North to keep premium ‘status quo’

Nov 30 2018

The North P&I Club will not declare a premium increase for both P&I cover and FD&D cover at the February, 2019 renewal for the third year running.

North’s chairman Pratap Shirke, said; “During the first part of the year the Club has seen an increase in the number and cost of retained claims over $1 mill, as well as an increase in pool claims. Along with the ongoing volatility in equity market returns and the continuing trend of premium erosion, our combined ratio for the full financial year is expected to be around 110%, slightly reducing the Club’s free reserves. Corrective action will be required in the near future to address this premium erosion and halt the decline in capital.

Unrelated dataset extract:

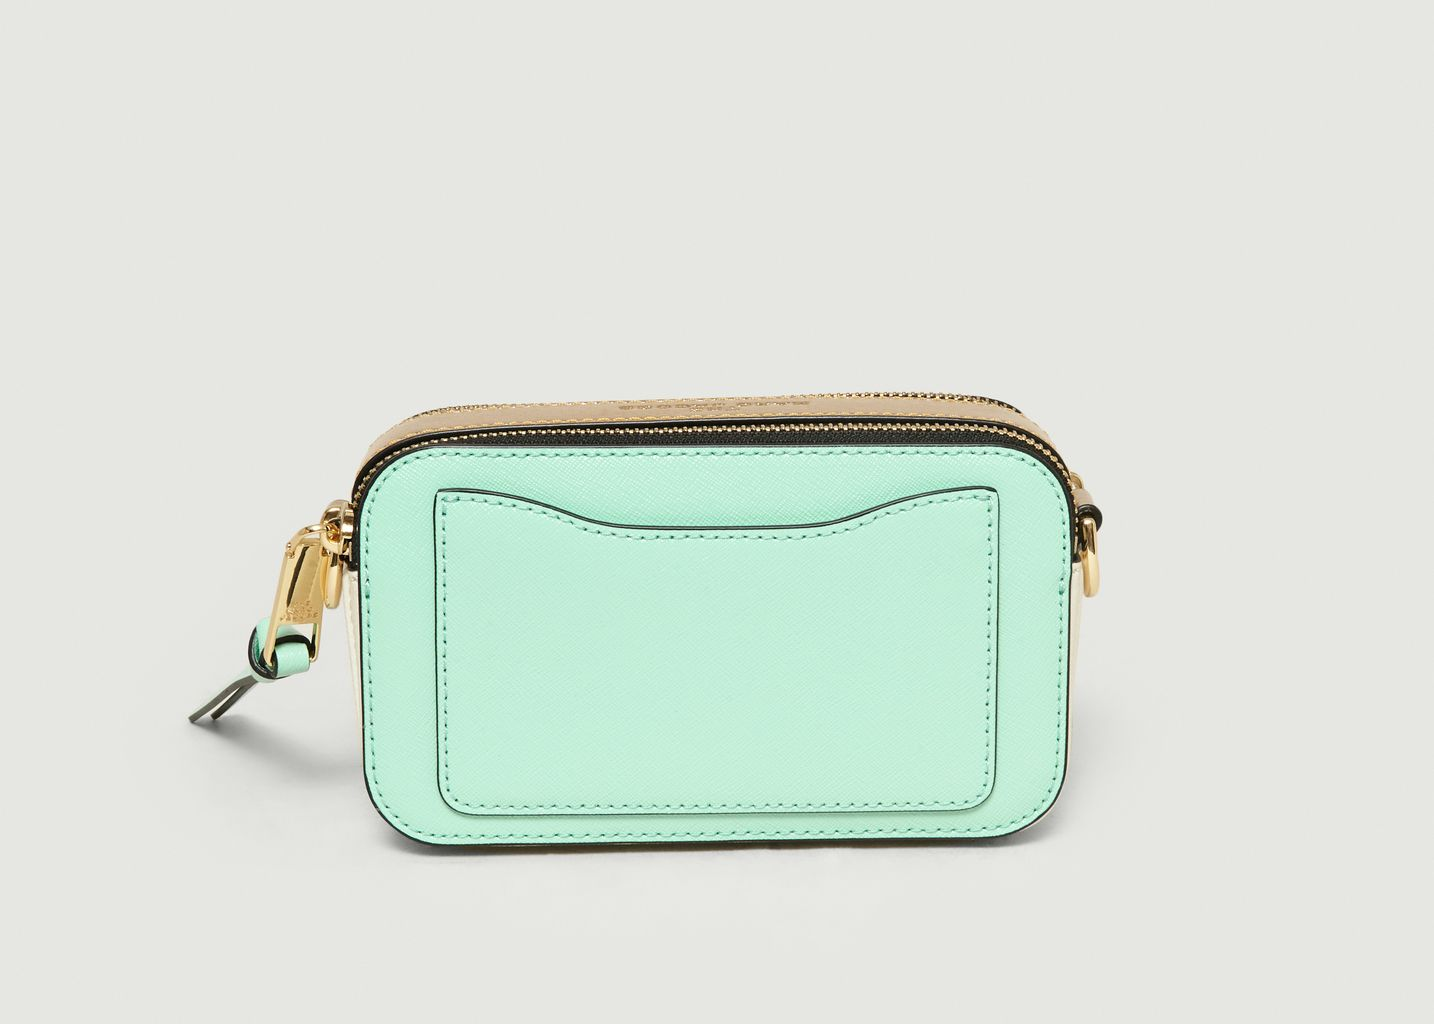 Sac The Snapshot small camera bag - The Marc Jacobs

”However, we have decided not to declare any premium increases at the 2019 renewal in recognition of the prevailing economic difficulties facing many of our members. Shipowners around the world are already grappling with increasing regulatory costs, political uncertainty with concerns around the impact of Brexit and disruption to worldwide trade from international protectionism. This, therefore, continues our support for members whilst managing the Club in a responsible way,” he said.


CEO, Paul Jennings, added; “The directors decided not to announce an increase to mutual and fixed premiums at the February, 2019 renewal. Managers will, however, be undertaking a significant exercise to review all members' premiums and terms in order to ensure that declining rates of premium are halted and equitably adjusted to properly reflect performance and exposure going forward.

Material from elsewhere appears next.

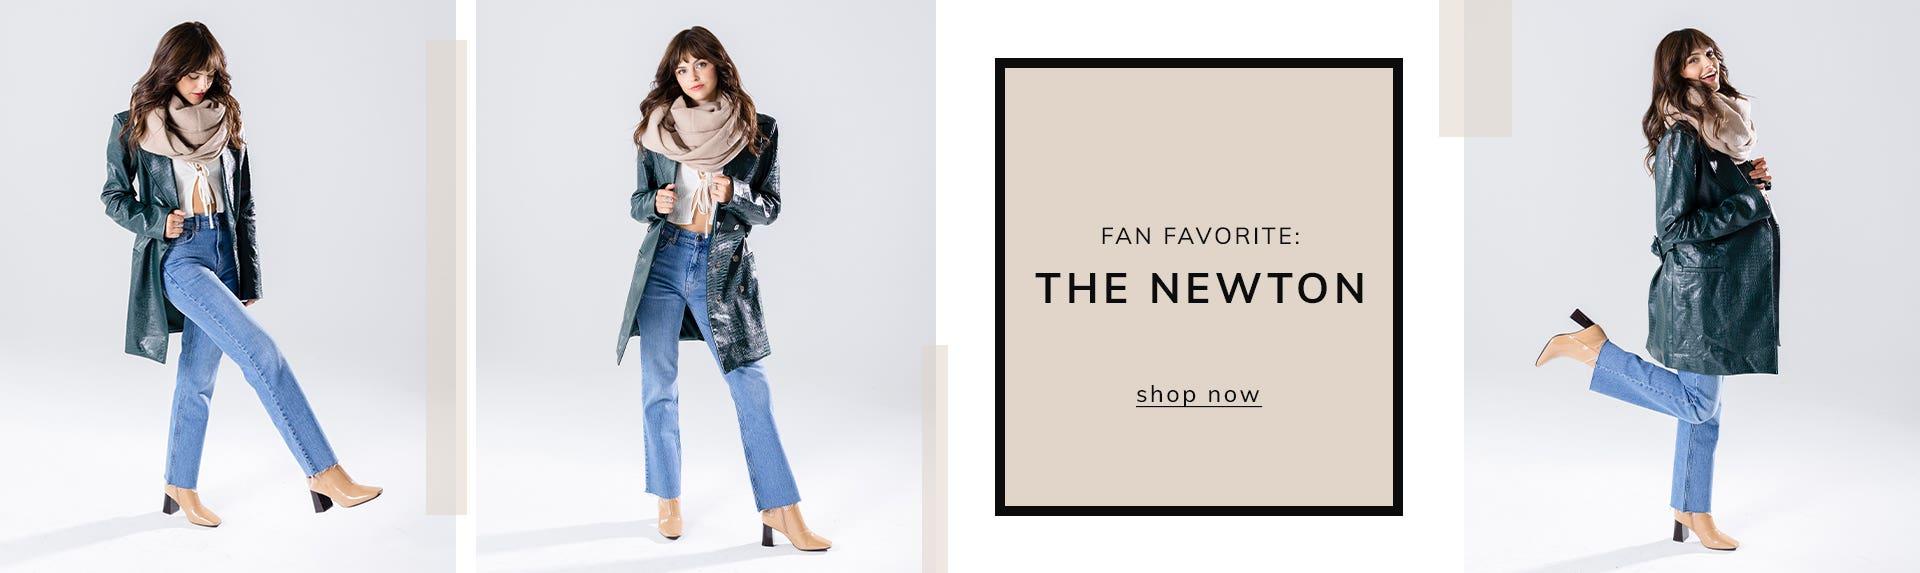 FAN FAVORITE: The Newton | Shop Now

“This exercise will be robustly undertaken to avoid the need for greater premium increases in subsequent years. Members with adverse loss records, will of course have their rates and terms adjusted accordingly in order to ensure that they make an equitable contribution,” he said. 


Deductibles below $25,000 for owned P&I cover will be increased by at least $1,000 per deductible. Mutual and fixed premiums for North’s FD&D cover will also not be subject to an increase at the renewal and there will be no change to deductibles.


Jennings concluded, “The directors are satisfied that the Club remains in strong financial health and are confident that our 2019 renewal strategy, allied with our disciplined financial approach and prudent underwriting philosophy, will position the Club appropriately to meet the oncoming challenges of a ‘hardening’ insurance market. Our overriding aim is to ensure that all members continue to receive the high levels of service and financial security they have come to expect from North,” he said.


North’s Mid-Year Review was published on 23rd November, 2018, providing more detailed information on the Club’s financial position and claims development during the current policy year.